At Fitbit, our mission is to help people lead healthier, more active lives by empowering them with data, inspiration and guidance to reach their goals. We started our journey in 2007 as a team of two with one big idea. Today, that idea has become a movement. Fitbit is now a publicly traded company creating award-winning products and services that are available across the globe. We’re transforming the way the world sees health & fitness. In fact, the Fitbit Community has taken enough steps to walk from the Sun to Pluto. Our culture combines the spirit of startup with the advantages of being public, offering a competitive benefits package and amazing perks. As part of our team, you’ll have the opportunity to grow your career, contribute your ideas to life-changing products and services, and above all have fun doing it.
In our newest Fitbit office in Bucharest, located in the heart of the city, we are planning to build on the foundation laid by the Vector Watch team. We are looking to keep growing and this role will be fundamental to the continued success of Fitbit as we build exciting new products and services. Think you’ve found your fit? See what we’re looking for below and apply today.
About the team:
As Fitbit continues to build microservices and begins its migration to Google Cloud our system is growing ever more complex. Our use of technologies such as Kafka, ZooKeeper, Cassandra, Elasticsearch, and Finagle/Finatra have been increasing significantly and in some cases have led to incidents as we encounter their rough edges or the limits of the company's knowledge of those applications and frameworks. Additionally, our legacy codebases that utilize Spring and Hibernate often require developers with deep expertise in those frameworks to pitch in for refactoring or handling incidents.
In order to remain effective the SRE team needs to expand its skill set to include those technologies from a whitebox perspective, so we can better respond to incidents and to advise teams using them.
Site Reliability Engineers are responsible for the pulse of the software ecosystem. We monitor and improve the system and suggest improvements for implementation by others. The name of the game is automating our job, because hiring linearly with our traffic growth is unsustainable. We are involved in incident and change management. We also act as consultants for engineers when new code and services are getting ready to launch.
Our application stack is based mostly on Java, however, most of our operations automation is developed in Python. The major components we use daily are
- OS: Linux
- Frameworks: Hibernate, Spring, Finagle, Finatra, Thrift
- Databases: MySQL, Cassandra
- Messaging: Kafka
- Caching: Memcached, Redis
- Logging and Monitoring: Prometheus, Graphite, StatsD, Nagios, Logstash, Kibana
- Other: Aurora/Mesos, Tomcat, Elasticsearch, Puppet, Ansible, Terraform
Challenges for you:
- You will write code in Python and perhaps Java, and not just for classes.
- Dig into the details of how a system, library, or tool works instead of just blindly using it.
- SREs handle problems in live production systems, both on their own and in collaboration with systems and application engineers.
- Keep the company informed about the status of Fitbit services, the impact of known issues, and the progress of ongoing investigations.
- Design and refactor parts of the Fitbit backend system for stability and performance, and write tools and scripts to automate maintenance and monitoring tasks.
- Meet with other teams and attend architecture reviews, and offer advice on how to implement features that are efficient, highly available, and fault-tolerant.

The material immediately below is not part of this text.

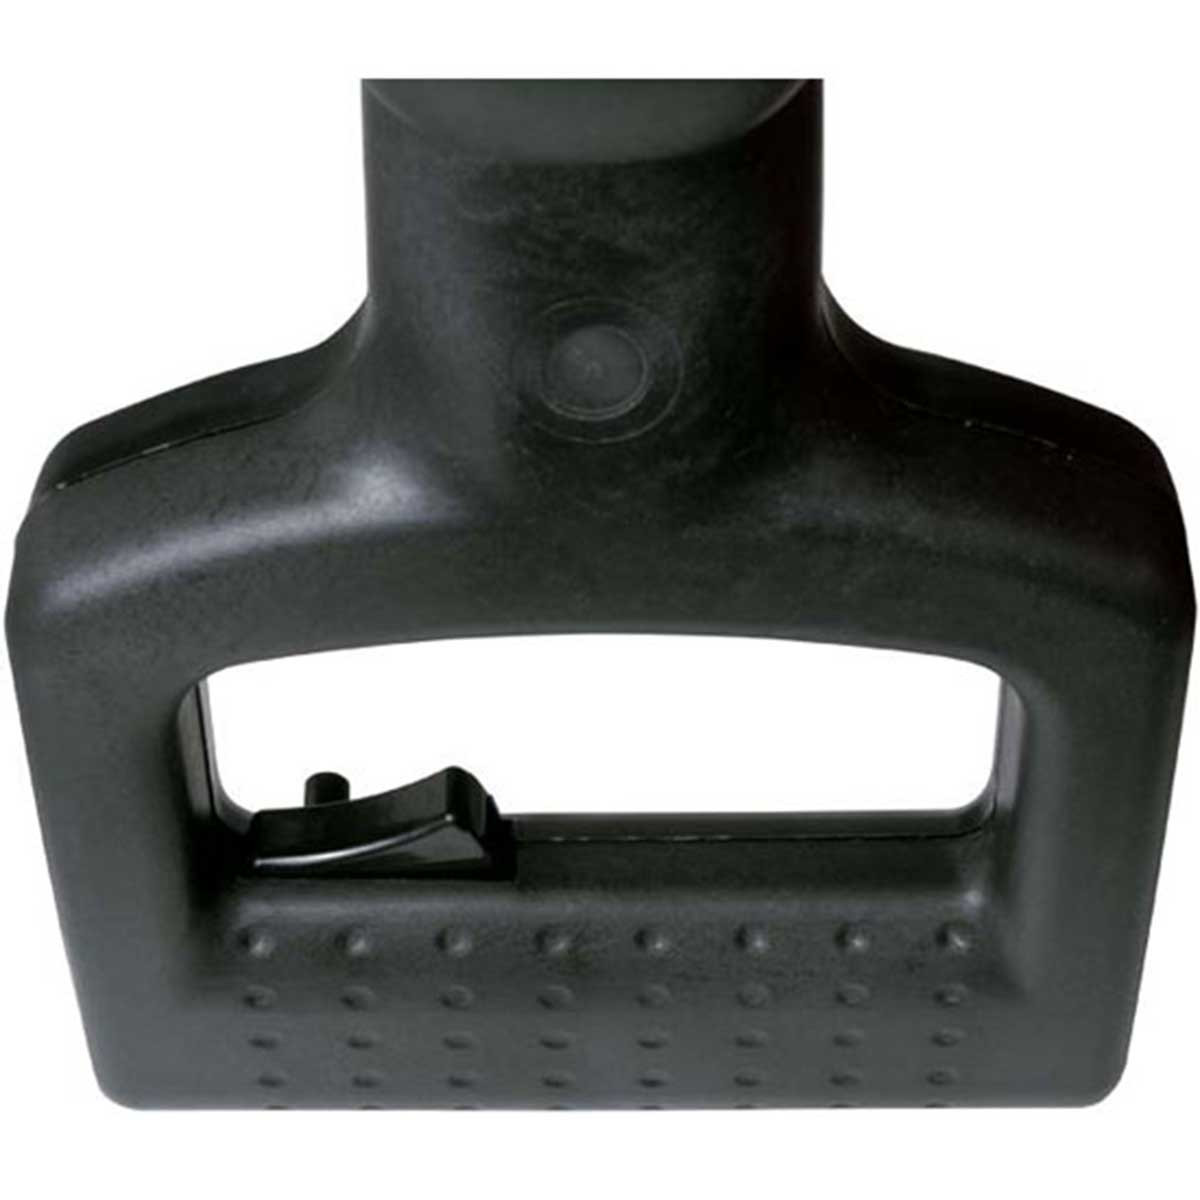 mk bx-3 brick saw easy grip handle

- Are willing to teach and lead others.
- You have 5+ years of experience as a systems/operations engineer or system administrator
- You are comfortable with the Python programming language and ecosystem
- You are very comfortable using and administering Linux servers
- You can work independently with limited supervision
- You can communicate effectively with peers and to tailor your communication to your audience
- You have a willingness to dive in and assist coworkers when incidents arise
- You're willing to participate in the team’s production on-call rotation
- BSc. in Computer Science
- Experience working with high-traffic, scalable web applications and services
- Experience building, deploying, and operating your own web service
- Knowledge of the administration and/or performance tuning of MySQL or Cassandra
- Prior experience being part of an on-call rotation and responding to production incidents
- Experience with cloud computing platforms like AWS or Google Cloud Platform
- Familiarity with configuration management tools like Puppet, Chef or Ansible (we use Puppet and Ansible)
- Experience developing and shepherding processes around change and incident management
- Some familiarity with Java and its ecosystem
Fitbit is proud to be an equal opportunity employer. We recruit, hire, train, promote, pay, and administer all personnel actions without regard to race, color, ancestry, national origin, citizenship, religion, age, sex (including pregnancy, childbirth, and medical conditions related to pregnancy, childbirth, or breastfeeding), sex stereotyping (including assumptions about a person’s appearance or behavior, gender roles, gender expression, or gender identity), sexual orientation, gender, gender identity, gender expression, marital status, medical condition, mental or physical disability, military or veteran status, genetic information or other statuses protected by law. We interpret these protected statuses broadly to include both the actual status and any perceptions and assumptions made regarding these statuses.